Он отвлекся от первоначального плана разговора и снова замолчал. Надя сидела на качелях и, глядя на старика издали, вспоминала свою первую встречу с ним. Ей пришлось в своих воспоминаниях вернуться в студию Дворца пионеров, ибо все началось и предопределилось там, в классе Лидии Львовны Устиновой.

Ребят в студии было немного, человек двадцать. Надя заняла свободный мольберт у окна и огляделась. От двери через всю стену протянулись застекленные полки. На них стояли елочные игрушки, куклы, желудевые человечки, фигурки зверей и птиц из пластилина. В застекленных коробках висела коллекция тропических бабочек. Две другие стены были заняты полками с игрушками и коробками с бабочками. Четвертая стена представляла собой сплошное окно. За ним была зима, виднелись внизу белые крыши домов и заснеженные деревья. Снег и холод отступали перед стеклянными стенами Дворца пионеров. Тропические бабочки в коробках разноцветными крыльями создавали картину жаркого экзотического лета посреди зимы.

Учительница встала на стул и сняла со стены большую голубую морфиду.

— Красивая, правда? — спросила она у Нади. — И Бразилии крылья этих бабочек заливают лаком и продают в виде брошей и пуговиц. Попробуй ее нарисовать.

Она отошла от мольберта новенькой, и девочка приступила к работе. Небесно-голубые крылья южноамериканской бабочки были покрыты кое-где солнечно-охристыми пятнами и разводами. Надя заглянула в стаканчики с гуашью. Таких красок у нее не было. Она попробовала смешивать — вышло грязно и скучно. Надя растерянно повертела в руках кисточку чуть не в полметра длиной и осторожно, с опаской положила. Взяла другую, чуть поменьше, и положила, даже не обмакнув в краску. «Какие-то шпаги, а не кисти», — испуганно подумала она. Рука потянулась за спасительной коробочкой с вечным пером, которое папа утром специально зарядил китайской тушью. В одну минуту на бумаге появился контур изящной порхающей бабочки. За каких-нибудь полчаса огромный лист покрылся десятками фантастических мотыльков и стрекоз самых немыслимых форм и в самых неожиданных ракурсах.

— Надя, что же ты делаешь? — раздался возмущенный голос Лидии Львовны.

Девочка вздрогнула и подняла голову.

— Я рисую, что вы сказали… бабочек.

— Да ты посмотри, какая перед тобой красивая морфида.
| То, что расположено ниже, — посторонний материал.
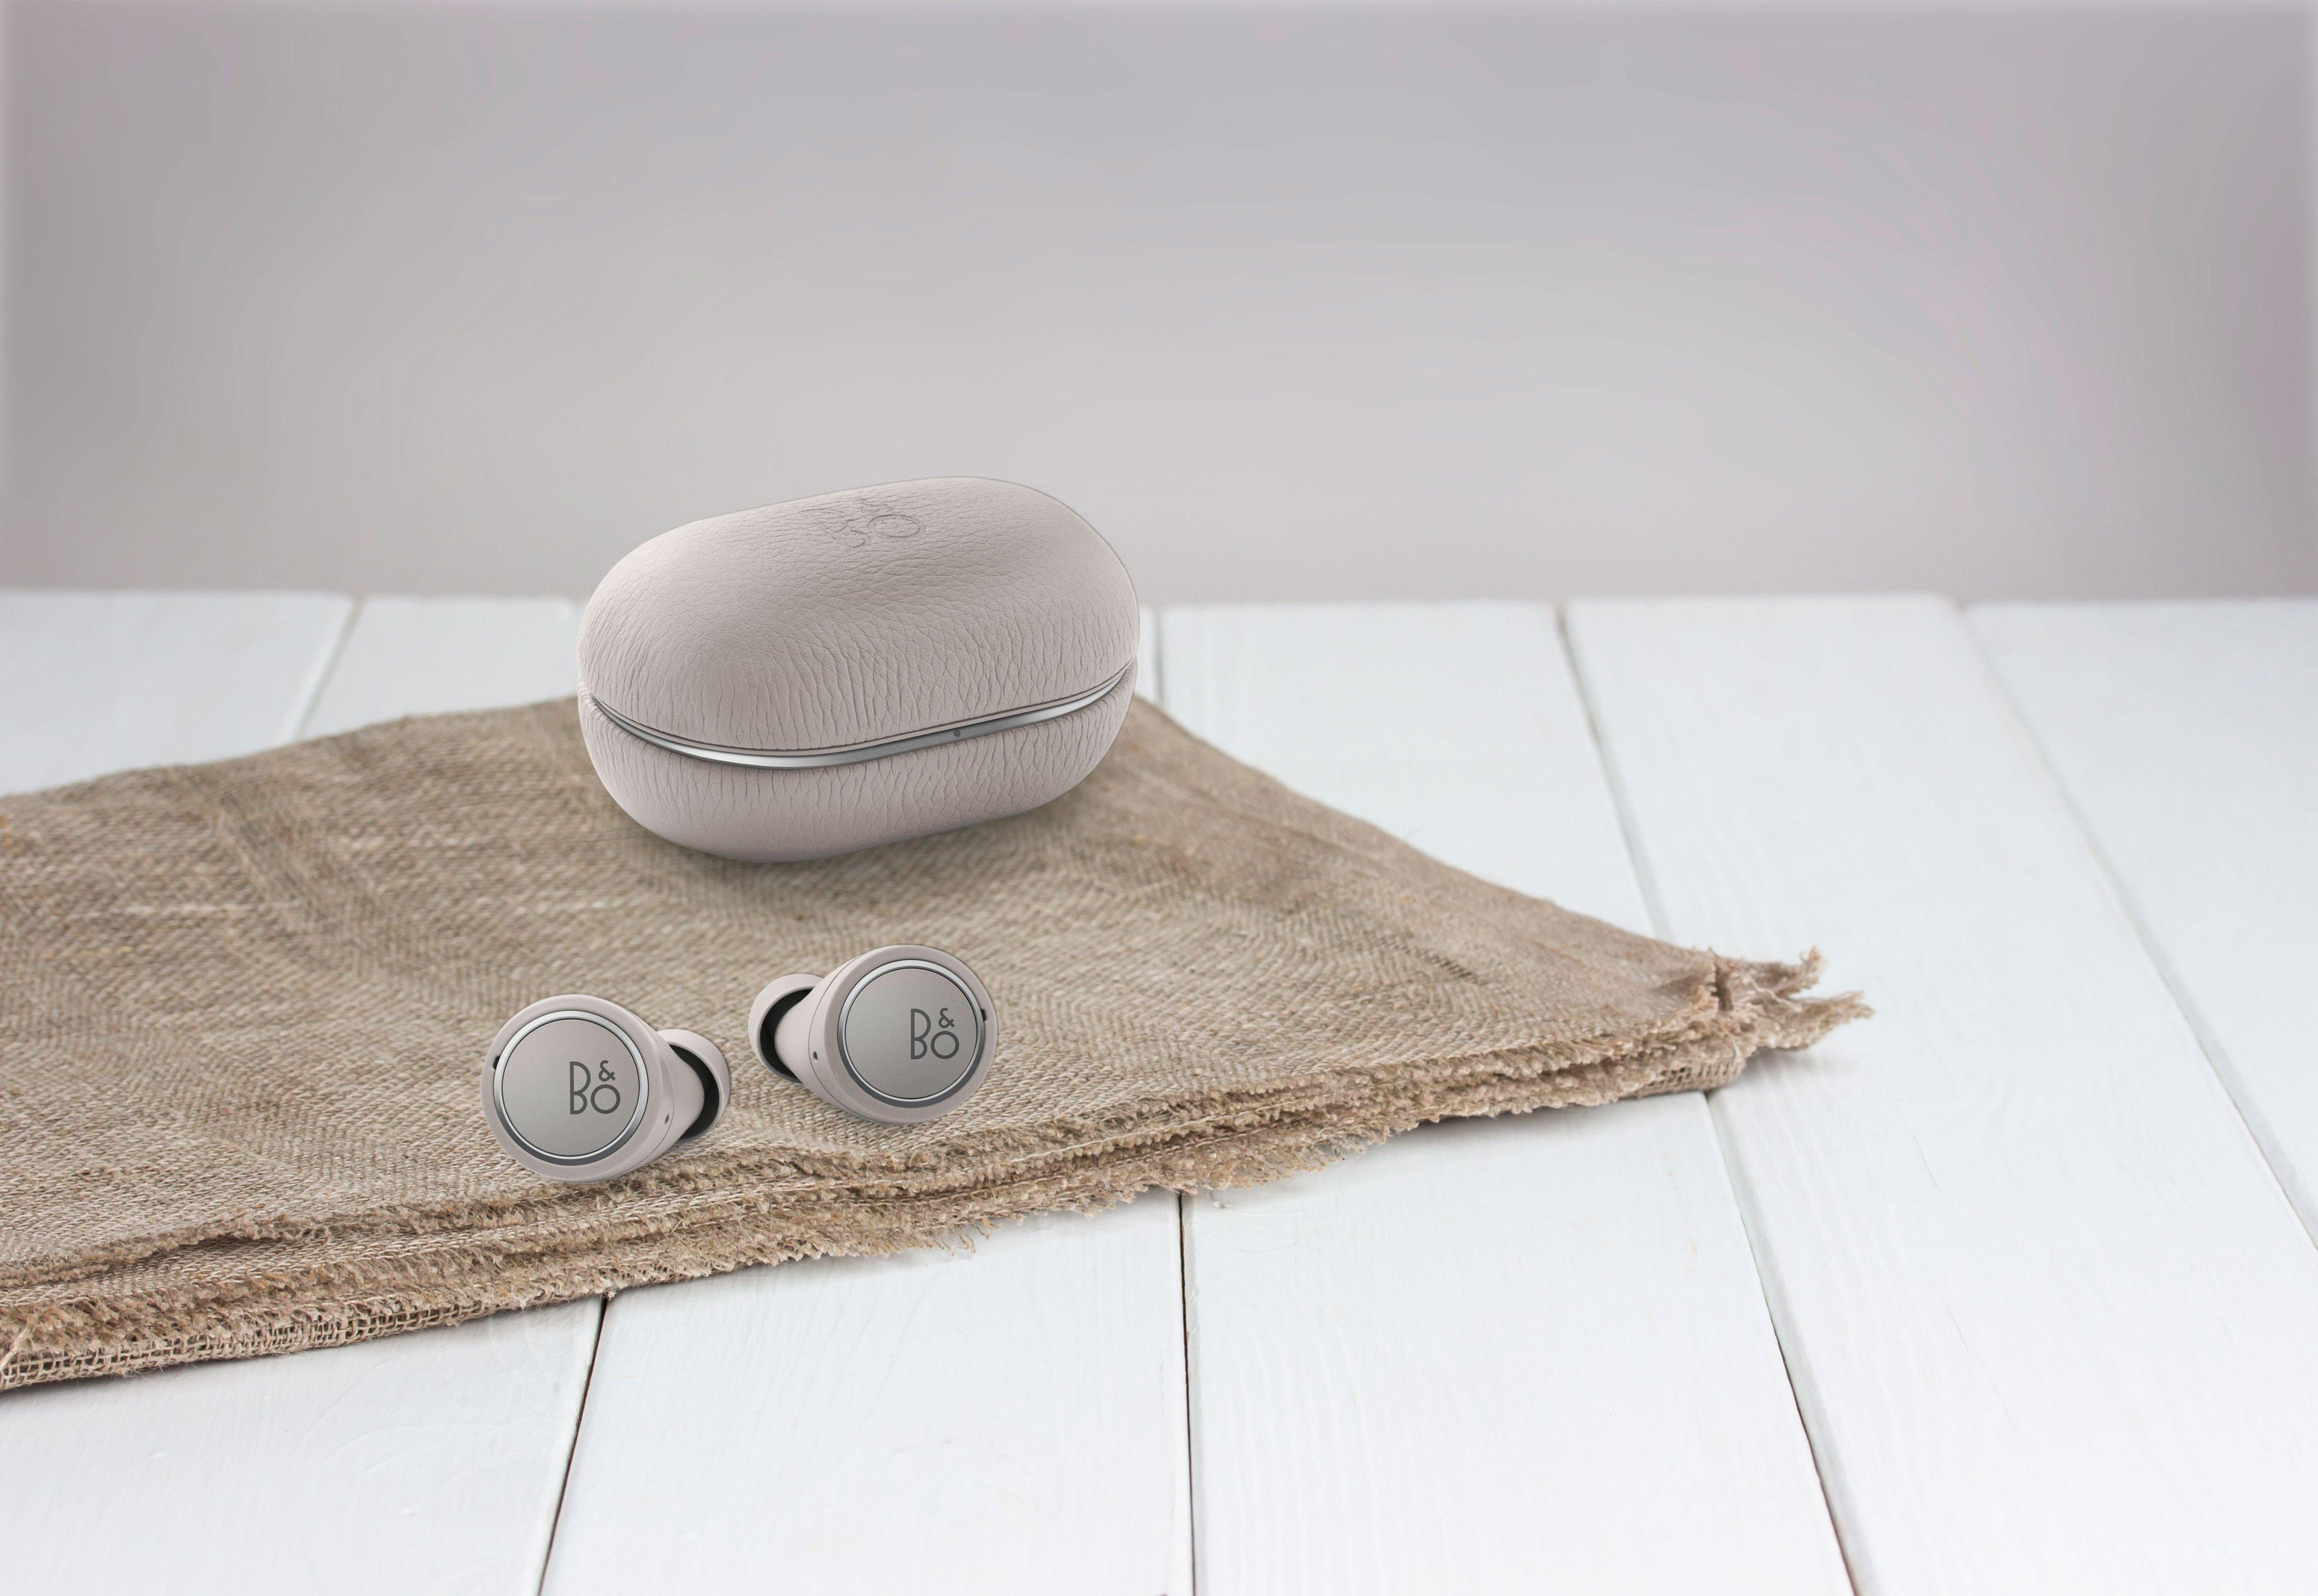 Tai nghe Bluetooth Beoplay E8 3.0 Grey Mist - Hàng chính hãng

Неужели тебе не хочется поработать цветом? Ты посмотри, какая романтика, какие краски! В этих крыльях вся Южная Америка. Такого голубого цвета и такого желтого больше нигде не увидишь. Я тебе дала кисти. Они сделаны из беличьих хвостиков. Ты только подумай, как интересно: беличьими хвостиками рисовать бразильскую бабочку.

Учительница объясняла девочке красоту небесно-голубой южноамериканской бабочки. Надя была не слепая, морфида ей нравилась, нежные, радужные крылья радовали глаз, просто она никогда не держала в руках большие кисти и не работала гуашью.

— Спрячь свое перо.

— Я не умею кистями.

— Вот и хорошо. Ты пришла сюда учиться, а не показывать свое умение. Возьми новый лист бумаги.

И что-то неприятное кольнуло Устинову при виде рисунков Нади. Но думать об этом было некогда, и она отошла, недоумевая и сердясь на себя за резкость, которую допустила по отношению к новенькой. «Надо было объяснить ей поласковей», — подумала она с досадой.

Ни одним словом учительница не похвалила контурные рисунки. Она их не заметила, как будто лист бумаги не был испещрен изящными порхающими мотыльками и стрекозами, а безобразно исчеркан вдоль и поперек.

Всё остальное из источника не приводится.